I remembered the day that I met Jerry and Carla. It didn't take long for him to introduce me to his parents and I believe that was the case for Kiara too.
Jerry shook his head, gathering the mess before him in his arms. I continued weeping over my broken heart in his fatherly embrace.
"I'm sorry, Case. The day he went home with Kiara trailing after him, I dreaded the day that you found out about them. I knew it would break you though you have always acted strong. You had this hard exterior of a fighter even when you tried to play the part of a goodie two shoes. It breaks me seeing you like this; it really does." His voice was bleeding the pain it harbored and I could barely hear him whisper, "Adam, what have you done."
I wept harder from how kind this man has been to me even after knowing the full story of the disaster I have brought upon his family.
"What do I do now, Jer?" I was so lost and I felt like I was grasping blindly in the dark for a sense of direction; for any sense of direction. For once, I felt like a little girl who was alone in a dark world.
"The cops?" Jerry asked. I quickly shook my head no and he nodded in understanding.
"As much as I don't like the idea of you putting your life on the line continuously like this, I hate to admit it but you just have to pull through this fight and win.
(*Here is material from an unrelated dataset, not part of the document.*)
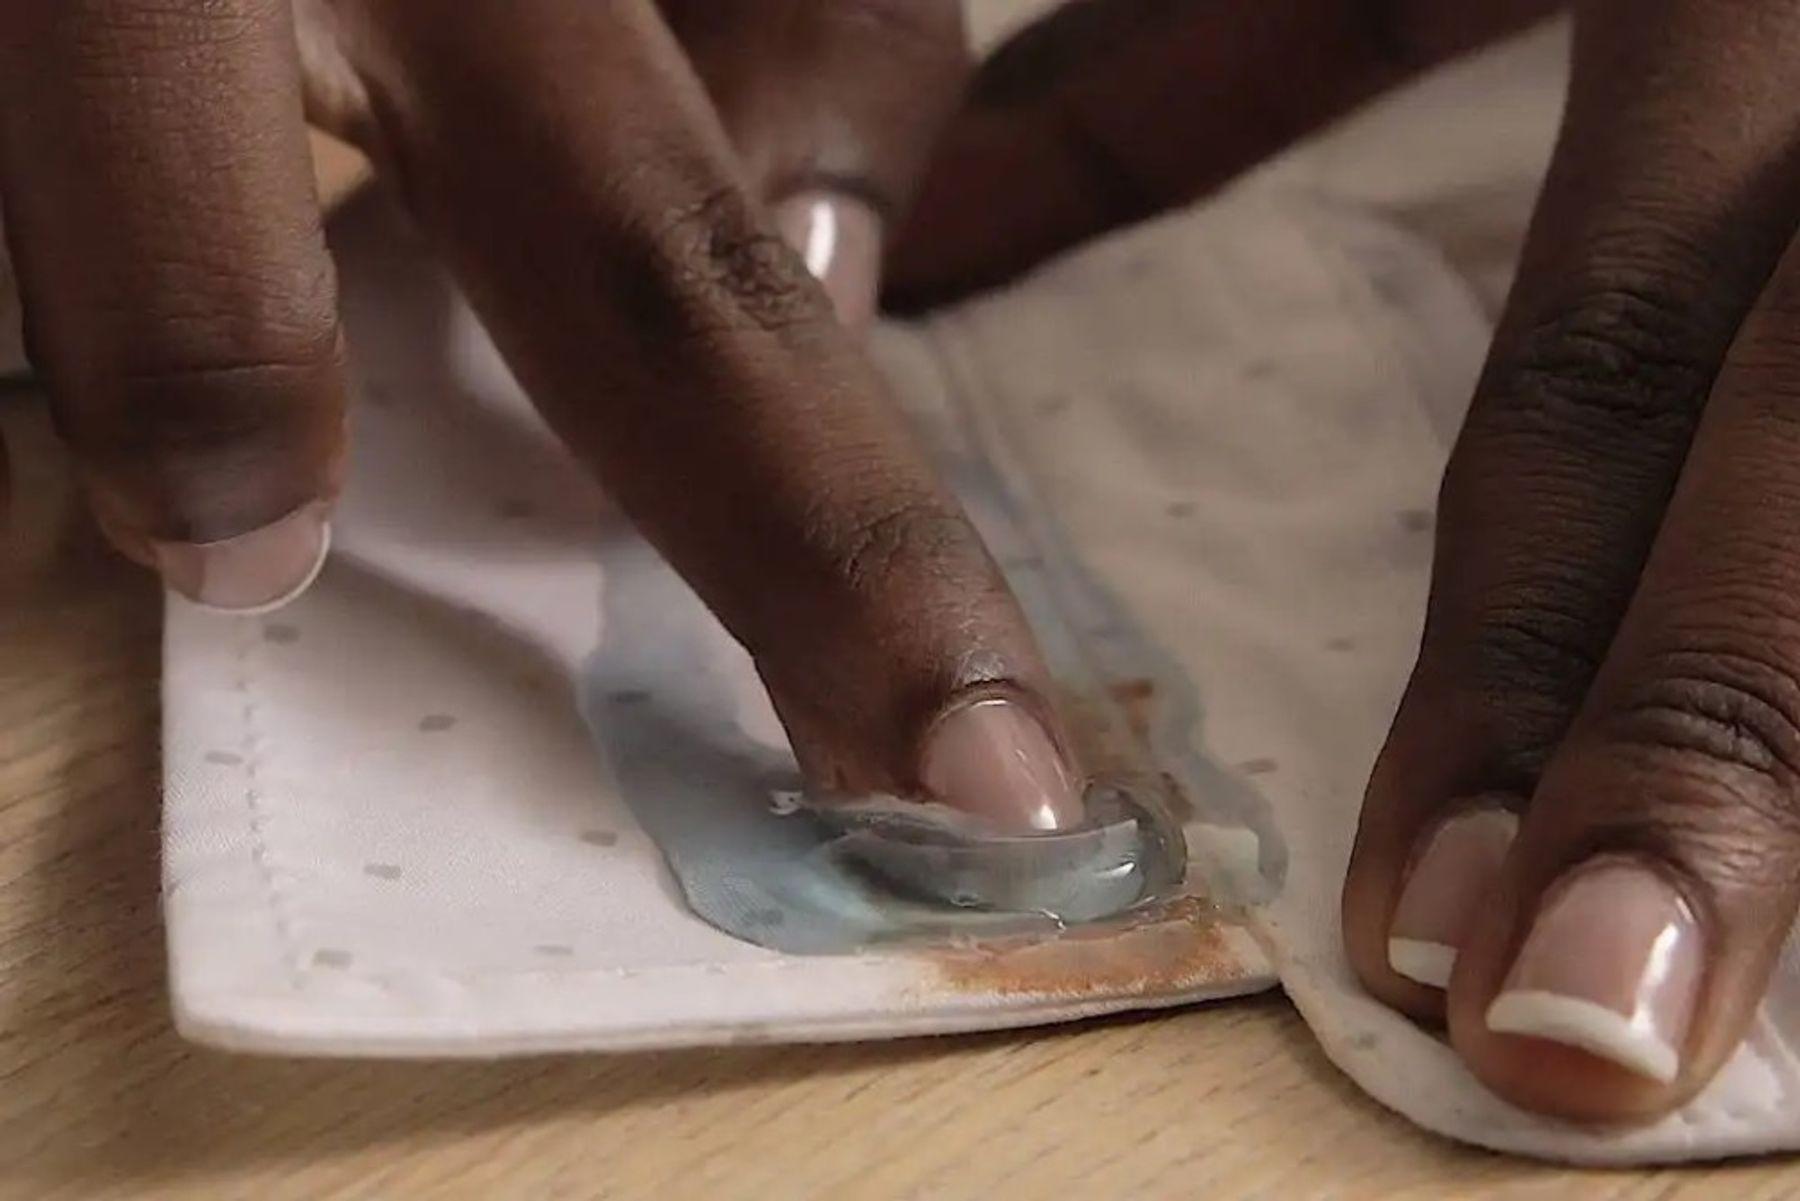 fondöten lekesi kumaştan nasıl çıkar

You have to play the offence in this life, if you settle with simply putting up a defense, you're basically preparing to die. As for Adam, I'm sure everything will work out in the end. I know this isn't something that you'd like to hear but at the end of the day, there's always going to be a greater plan set for all of us and it's all for the best. Whatever happens for Adam and you, it would be for the best. Whatever happens between the both of you, you are always welcome here. You'll always be like a daughter to me." Jerry's words touched me. He reminded me to have faith and trust whatever plan that has been laid out for me.
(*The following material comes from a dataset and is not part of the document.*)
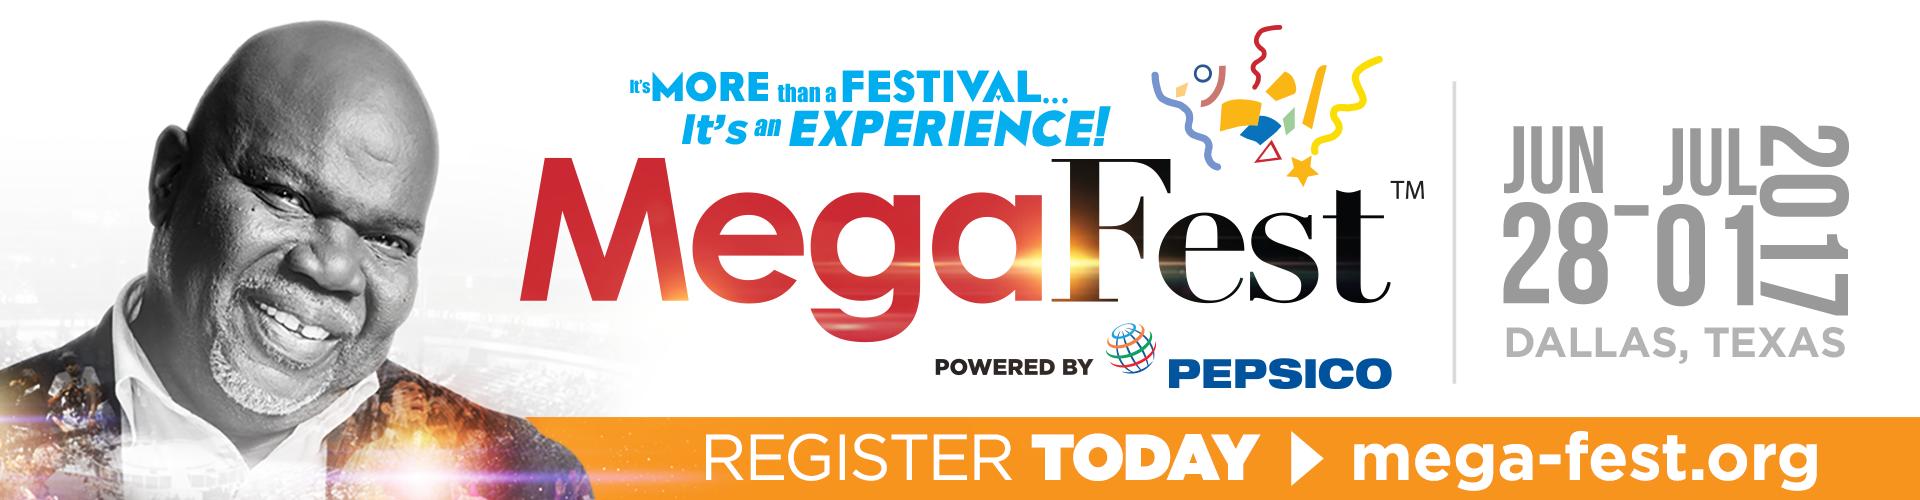 Megafest Image

I'm not in this alone and I never have been. I've had Preston even when I didn't have Adam. I had Jerry who was silently supporting me even though I could tell he disapproved of my decisions and actions. I have never been alone all this time. Even when I was crying alone in my car or in my room, I knew that God has been watching over me and that I was safe. I just needed to trust in that greater force because at the end of the day, I was only human.
After spilling my guts out to Jerry, he told me to stay the night and take the guest bedroom. My parents were coming home the next day so I told him that I might leave early the next morning to make sure I wasn't late in picking them up from the airport.
Jerry gave me another tight hug before bidding me good night and retiring to his own room. I took the guest bedroom I stayed in during the few nights that I got to stay over. I didn't bring any change of clothes since I wasn't planning to stay the night. I'd usually go and borrow something from Adam but since that wasn't an option anymore, I opted to fell asleep in the current clothes I was in.